By now I was rested, and I was still anxious to see the two women. Elga filled my bag with avocados. He wanted to send a gift to Martinière. I was worried about carrying the extra load up the steep path to Mannwa, but I saw him sling the bag over his own shoulder. He said that I would never find the women unless he showed me where they were, and we set off. Omène’s oldest daughter, Natacha, sent us off with a final word: “Martinière deserves a spanking. He never comes to see us anymore.”



We were about halfway up the path when we turned off the main path. We walked across a field of pigeon peas, through a garden of plantain trees, and suddenly saw a team of a dozen workers clearing and planting a field. The two women were there, and they broke off from working and came running. Elga stepped back. He knew it was their time to talk with me, and we sat for a few minutes. We couldn’t talk very long because it was midafternoon already, and I wanted to be sure to get most of the way back to Mirebalais before the rain.
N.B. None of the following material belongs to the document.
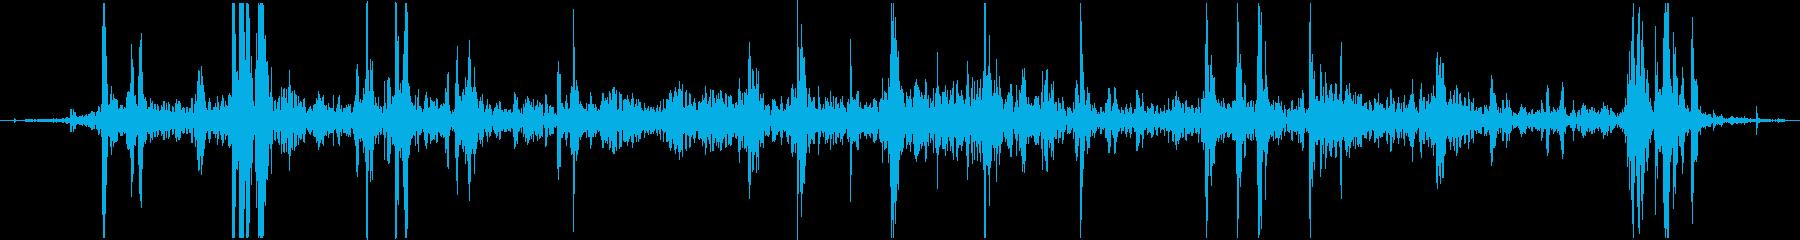 トロッコの転がるような音 ゴロゴロの再生済みの波形

The women didn’t want to talk about very much except Martinière. They had seen him at the market in central Boukankare a few weeks earlier, and had been really happy about that, but they couldn’t imagine when he might visit them at home again. They know he has other work. They explained why they decided to take a few days of work in a neighbor’s field, too. School would be opening soon, and a little extra cash for books and other supplies would only help. Otherwise, they’d have to sell livestock.

Christine and Omène

Christine and Omène

As we said our goodbyes, they said the same thing that Natacha, Rose Marthe, and Magalie’s kids had said: “Kounye a, nou p ap janm wè w ankò?” “Is this the last time we’ll ever see you?” I tried to assure them. They know how hard it is to get to Mannwa. But I’ll always try to visit when I can. They hadn’t expected me that day, and another day will come when I’ll just show up.

The Elga picked up my bag – he decided he owed it to me to at least get Martinière’s avocados to the top of the hill – and we turned straight up the path. When we got to the top of the ridge, he handed me the bag and said, “It’s still a long way, but at least it’s downhill.” Then he headed home. And so did I.